To do →
Return the following from the records below: each line, word for word, starting with the line that contains "Ciao Xx Sneaker | White/Gold" and going on through the line that contains "Let's Play Catch", with nothing outside that range.
-- Opening Marker --
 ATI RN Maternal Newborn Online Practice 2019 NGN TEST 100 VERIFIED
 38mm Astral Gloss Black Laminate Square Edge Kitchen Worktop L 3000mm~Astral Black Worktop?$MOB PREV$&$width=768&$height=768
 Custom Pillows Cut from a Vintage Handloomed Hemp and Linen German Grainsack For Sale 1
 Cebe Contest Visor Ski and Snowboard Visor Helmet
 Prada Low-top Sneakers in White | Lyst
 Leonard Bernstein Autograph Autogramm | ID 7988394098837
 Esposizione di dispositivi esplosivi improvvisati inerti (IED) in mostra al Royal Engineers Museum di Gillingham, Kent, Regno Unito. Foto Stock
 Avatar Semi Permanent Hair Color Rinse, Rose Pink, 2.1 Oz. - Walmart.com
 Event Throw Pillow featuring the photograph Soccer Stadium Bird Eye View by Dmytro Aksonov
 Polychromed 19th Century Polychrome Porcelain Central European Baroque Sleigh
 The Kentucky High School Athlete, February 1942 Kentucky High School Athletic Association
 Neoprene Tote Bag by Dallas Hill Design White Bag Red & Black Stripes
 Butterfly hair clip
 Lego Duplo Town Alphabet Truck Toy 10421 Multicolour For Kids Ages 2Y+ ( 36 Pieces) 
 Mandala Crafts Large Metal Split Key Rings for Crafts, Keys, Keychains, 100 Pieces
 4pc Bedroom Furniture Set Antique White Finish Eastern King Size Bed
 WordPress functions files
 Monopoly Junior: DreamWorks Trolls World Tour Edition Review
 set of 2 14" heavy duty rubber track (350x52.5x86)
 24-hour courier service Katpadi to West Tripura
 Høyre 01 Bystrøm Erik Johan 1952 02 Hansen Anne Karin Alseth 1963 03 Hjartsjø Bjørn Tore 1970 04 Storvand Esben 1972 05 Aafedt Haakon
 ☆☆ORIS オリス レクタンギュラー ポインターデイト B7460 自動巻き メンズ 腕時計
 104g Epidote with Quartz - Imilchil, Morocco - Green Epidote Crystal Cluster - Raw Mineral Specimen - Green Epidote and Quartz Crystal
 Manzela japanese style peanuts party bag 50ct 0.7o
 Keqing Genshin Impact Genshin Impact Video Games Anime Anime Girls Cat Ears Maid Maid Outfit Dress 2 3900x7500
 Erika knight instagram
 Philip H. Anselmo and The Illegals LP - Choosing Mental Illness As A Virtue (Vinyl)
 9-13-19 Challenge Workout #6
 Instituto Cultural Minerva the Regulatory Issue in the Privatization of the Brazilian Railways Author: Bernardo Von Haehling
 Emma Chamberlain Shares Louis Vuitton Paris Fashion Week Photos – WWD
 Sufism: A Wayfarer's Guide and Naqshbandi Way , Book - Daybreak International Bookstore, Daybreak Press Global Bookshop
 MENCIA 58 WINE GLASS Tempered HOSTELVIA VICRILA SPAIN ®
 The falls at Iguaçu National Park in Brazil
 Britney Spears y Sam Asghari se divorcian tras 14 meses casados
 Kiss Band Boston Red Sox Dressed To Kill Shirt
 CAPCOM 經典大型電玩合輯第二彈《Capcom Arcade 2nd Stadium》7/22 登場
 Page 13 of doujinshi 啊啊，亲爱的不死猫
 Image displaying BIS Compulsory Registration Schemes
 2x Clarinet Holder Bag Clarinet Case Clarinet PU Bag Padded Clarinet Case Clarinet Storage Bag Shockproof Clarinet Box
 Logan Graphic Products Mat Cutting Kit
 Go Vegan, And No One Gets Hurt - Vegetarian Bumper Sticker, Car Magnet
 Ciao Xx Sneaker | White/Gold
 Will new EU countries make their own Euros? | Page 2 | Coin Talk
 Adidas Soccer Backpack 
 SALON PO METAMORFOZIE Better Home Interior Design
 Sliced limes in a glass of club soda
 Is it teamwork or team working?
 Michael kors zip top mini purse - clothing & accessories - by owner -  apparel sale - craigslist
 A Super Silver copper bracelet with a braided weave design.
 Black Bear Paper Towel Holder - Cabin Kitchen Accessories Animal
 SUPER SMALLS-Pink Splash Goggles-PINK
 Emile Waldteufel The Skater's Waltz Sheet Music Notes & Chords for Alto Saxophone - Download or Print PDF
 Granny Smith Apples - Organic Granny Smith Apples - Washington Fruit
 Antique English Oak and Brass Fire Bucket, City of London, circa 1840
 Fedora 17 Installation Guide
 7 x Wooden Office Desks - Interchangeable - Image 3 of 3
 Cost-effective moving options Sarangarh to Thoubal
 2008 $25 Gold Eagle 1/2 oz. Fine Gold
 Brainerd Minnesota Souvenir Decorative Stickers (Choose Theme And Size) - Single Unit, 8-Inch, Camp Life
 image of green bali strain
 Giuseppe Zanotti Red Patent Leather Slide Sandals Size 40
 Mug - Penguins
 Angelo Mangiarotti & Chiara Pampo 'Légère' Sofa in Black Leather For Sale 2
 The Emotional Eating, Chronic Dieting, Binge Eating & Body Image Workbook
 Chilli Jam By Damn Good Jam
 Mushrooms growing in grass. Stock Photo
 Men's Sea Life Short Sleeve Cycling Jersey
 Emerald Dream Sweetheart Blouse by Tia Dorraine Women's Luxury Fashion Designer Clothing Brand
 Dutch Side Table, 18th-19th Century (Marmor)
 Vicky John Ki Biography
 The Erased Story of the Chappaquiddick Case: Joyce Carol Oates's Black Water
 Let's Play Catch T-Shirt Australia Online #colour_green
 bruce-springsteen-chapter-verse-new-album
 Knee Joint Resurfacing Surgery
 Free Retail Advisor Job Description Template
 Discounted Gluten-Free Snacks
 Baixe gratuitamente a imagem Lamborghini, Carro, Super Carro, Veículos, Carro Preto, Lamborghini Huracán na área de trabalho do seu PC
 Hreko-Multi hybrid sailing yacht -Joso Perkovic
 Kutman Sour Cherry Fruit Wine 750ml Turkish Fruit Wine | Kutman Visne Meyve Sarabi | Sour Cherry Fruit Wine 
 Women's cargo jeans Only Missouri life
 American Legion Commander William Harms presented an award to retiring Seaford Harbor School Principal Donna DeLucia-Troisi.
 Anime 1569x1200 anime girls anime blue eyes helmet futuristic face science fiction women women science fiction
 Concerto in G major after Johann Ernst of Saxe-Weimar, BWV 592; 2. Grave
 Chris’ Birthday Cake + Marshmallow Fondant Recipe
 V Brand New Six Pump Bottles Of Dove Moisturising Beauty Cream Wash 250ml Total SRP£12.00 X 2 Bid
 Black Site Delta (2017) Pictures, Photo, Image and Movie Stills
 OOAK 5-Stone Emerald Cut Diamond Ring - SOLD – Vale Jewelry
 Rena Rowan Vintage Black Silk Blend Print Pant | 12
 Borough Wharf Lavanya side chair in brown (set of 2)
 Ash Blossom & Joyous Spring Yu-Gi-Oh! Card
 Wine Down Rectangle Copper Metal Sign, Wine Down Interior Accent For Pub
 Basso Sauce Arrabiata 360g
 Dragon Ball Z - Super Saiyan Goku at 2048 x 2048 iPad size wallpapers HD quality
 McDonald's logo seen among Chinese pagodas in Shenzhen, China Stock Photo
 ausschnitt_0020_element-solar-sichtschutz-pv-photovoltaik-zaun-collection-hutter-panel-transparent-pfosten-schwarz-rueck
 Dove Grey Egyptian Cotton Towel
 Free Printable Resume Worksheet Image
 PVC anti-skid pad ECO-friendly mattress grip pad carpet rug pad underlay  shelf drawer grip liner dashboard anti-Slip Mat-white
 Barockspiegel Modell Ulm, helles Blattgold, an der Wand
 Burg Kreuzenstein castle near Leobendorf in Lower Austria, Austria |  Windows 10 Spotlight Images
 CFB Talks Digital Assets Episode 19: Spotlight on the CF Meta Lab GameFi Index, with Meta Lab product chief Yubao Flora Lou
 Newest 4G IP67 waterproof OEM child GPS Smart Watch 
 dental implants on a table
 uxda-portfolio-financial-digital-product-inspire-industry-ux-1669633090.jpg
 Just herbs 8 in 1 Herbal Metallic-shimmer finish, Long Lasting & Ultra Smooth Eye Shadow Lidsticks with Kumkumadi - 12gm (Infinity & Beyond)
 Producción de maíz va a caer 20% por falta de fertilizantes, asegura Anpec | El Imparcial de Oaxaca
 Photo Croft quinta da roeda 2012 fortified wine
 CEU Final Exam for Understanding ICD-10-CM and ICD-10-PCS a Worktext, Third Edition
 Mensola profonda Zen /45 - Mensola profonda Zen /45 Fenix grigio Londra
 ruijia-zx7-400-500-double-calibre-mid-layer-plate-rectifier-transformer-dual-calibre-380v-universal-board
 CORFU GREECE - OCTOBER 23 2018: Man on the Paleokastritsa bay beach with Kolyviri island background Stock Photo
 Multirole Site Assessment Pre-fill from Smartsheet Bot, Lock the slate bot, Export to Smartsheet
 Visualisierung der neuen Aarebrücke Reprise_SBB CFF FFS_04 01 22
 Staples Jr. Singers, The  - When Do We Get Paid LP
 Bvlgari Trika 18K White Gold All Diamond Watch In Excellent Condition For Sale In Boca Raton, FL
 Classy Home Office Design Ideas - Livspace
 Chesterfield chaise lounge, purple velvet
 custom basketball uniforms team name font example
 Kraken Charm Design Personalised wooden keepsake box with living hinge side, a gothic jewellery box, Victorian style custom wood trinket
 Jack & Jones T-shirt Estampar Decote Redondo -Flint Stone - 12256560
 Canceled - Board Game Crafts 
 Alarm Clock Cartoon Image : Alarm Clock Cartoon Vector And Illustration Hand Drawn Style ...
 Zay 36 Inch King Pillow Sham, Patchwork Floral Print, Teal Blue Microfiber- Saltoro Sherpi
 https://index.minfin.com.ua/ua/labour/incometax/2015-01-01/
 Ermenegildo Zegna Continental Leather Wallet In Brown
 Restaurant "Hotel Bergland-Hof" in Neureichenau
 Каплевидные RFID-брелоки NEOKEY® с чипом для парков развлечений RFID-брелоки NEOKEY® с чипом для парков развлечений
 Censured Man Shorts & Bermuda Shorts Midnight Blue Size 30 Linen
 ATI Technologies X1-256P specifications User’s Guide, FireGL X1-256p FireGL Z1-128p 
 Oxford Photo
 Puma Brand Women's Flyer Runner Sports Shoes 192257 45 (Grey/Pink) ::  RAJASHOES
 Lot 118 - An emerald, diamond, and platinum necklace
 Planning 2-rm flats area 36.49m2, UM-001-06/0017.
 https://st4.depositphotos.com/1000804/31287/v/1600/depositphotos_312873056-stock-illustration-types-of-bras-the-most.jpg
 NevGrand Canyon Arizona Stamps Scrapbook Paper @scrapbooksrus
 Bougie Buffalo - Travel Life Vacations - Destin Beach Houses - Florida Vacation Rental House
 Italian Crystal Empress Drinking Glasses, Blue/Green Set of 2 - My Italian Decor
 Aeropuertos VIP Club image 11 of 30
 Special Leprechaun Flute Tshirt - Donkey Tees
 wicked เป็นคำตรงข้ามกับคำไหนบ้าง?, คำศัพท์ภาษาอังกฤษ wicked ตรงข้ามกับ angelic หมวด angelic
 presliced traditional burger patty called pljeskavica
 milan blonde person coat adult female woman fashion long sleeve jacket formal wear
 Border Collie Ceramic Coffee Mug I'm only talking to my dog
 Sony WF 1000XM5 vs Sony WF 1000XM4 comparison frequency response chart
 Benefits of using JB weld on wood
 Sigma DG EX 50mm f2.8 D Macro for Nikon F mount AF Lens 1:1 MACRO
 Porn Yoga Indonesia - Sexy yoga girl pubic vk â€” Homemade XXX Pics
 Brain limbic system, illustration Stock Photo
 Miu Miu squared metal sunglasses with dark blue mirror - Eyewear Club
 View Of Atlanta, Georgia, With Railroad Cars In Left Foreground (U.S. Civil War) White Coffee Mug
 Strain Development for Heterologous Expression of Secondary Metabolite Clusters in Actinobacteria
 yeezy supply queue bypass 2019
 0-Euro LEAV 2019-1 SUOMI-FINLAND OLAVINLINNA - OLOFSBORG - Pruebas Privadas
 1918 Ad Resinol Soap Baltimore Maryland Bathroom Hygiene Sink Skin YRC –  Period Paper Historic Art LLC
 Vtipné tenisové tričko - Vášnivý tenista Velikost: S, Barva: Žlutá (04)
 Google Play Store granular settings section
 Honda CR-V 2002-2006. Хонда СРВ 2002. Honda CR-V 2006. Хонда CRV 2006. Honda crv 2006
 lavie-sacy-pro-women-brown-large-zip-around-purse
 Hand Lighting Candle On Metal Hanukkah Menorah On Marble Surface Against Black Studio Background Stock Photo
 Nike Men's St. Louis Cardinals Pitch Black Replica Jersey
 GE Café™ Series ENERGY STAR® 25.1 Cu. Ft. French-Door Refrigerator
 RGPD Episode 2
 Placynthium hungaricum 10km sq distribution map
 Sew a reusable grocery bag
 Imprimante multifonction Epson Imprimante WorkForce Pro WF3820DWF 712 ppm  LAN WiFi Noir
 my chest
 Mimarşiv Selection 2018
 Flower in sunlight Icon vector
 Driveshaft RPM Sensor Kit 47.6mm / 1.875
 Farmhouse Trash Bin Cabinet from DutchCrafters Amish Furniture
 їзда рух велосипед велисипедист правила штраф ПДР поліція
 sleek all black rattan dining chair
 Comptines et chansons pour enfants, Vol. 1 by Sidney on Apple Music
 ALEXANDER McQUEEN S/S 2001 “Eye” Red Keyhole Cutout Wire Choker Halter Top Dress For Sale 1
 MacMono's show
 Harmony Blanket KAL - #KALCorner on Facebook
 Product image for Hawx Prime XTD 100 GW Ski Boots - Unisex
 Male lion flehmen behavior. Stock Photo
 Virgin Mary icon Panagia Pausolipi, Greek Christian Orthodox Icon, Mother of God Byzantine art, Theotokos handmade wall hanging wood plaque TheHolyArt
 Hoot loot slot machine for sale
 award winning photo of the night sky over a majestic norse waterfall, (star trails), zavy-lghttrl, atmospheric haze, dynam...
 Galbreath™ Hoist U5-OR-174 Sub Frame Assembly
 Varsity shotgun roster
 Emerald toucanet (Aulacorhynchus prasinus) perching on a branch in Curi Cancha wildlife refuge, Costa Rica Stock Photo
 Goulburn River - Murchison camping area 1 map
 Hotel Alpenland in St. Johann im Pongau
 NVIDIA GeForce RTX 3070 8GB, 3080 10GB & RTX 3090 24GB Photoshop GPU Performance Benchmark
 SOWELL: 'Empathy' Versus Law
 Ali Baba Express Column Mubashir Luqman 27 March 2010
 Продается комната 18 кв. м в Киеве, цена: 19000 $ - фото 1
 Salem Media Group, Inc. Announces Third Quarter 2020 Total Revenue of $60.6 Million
-- Closing Marker --
Finished task →
 Ciao Xx Sneaker | White/Gold
 Will new EU countries make their own Euros? | Page 2 | Coin Talk
 Adidas Soccer Backpack 
 SALON PO METAMORFOZIE Better Home Interior Design
 Sliced limes in a glass of club soda
 Is it teamwork or team working?
 Michael kors zip top mini purse - clothing & accessories - by owner -  apparel sale - craigslist
 A Super Silver copper bracelet with a braided weave design.
 Black Bear Paper Towel Holder - Cabin Kitchen Accessories Animal
 SUPER SMALLS-Pink Splash Goggles-PINK
 Emile Waldteufel The Skater's Waltz Sheet Music Notes & Chords for Alto Saxophone - Download or Print PDF
 Granny Smith Apples - Organic Granny Smith Apples - Washington Fruit
 Antique English Oak and Brass Fire Bucket, City of London, circa 1840
 Fedora 17 Installation Guide
 7 x Wooden Office Desks - Interchangeable - Image 3 of 3
 Cost-effective moving options Sarangarh to Thoubal
 2008 $25 Gold Eagle 1/2 oz. Fine Gold
 Brainerd Minnesota Souvenir Decorative Stickers (Choose Theme And Size) - Single Unit, 8-Inch, Camp Life
 image of green bali strain
 Giuseppe Zanotti Red Patent Leather Slide Sandals Size 40
 Mug - Penguins
 Angelo Mangiarotti & Chiara Pampo 'Légère' Sofa in Black Leather For Sale 2
 The Emotional Eating, Chronic Dieting, Binge Eating & Body Image Workbook
 Chilli Jam By Damn Good Jam
 Mushrooms growing in grass. Stock Photo
 Men's Sea Life Short Sleeve Cycling Jersey
 Emerald Dream Sweetheart Blouse by Tia Dorraine Women's Luxury Fashion Designer Clothing Brand
 Dutch Side Table, 18th-19th Century (Marmor)
 Vicky John Ki Biography
 The Erased Story of the Chappaquiddick Case: Joyce Carol Oates's Black Water
 Let's Play Catch T-Shirt Australia Online #colour_green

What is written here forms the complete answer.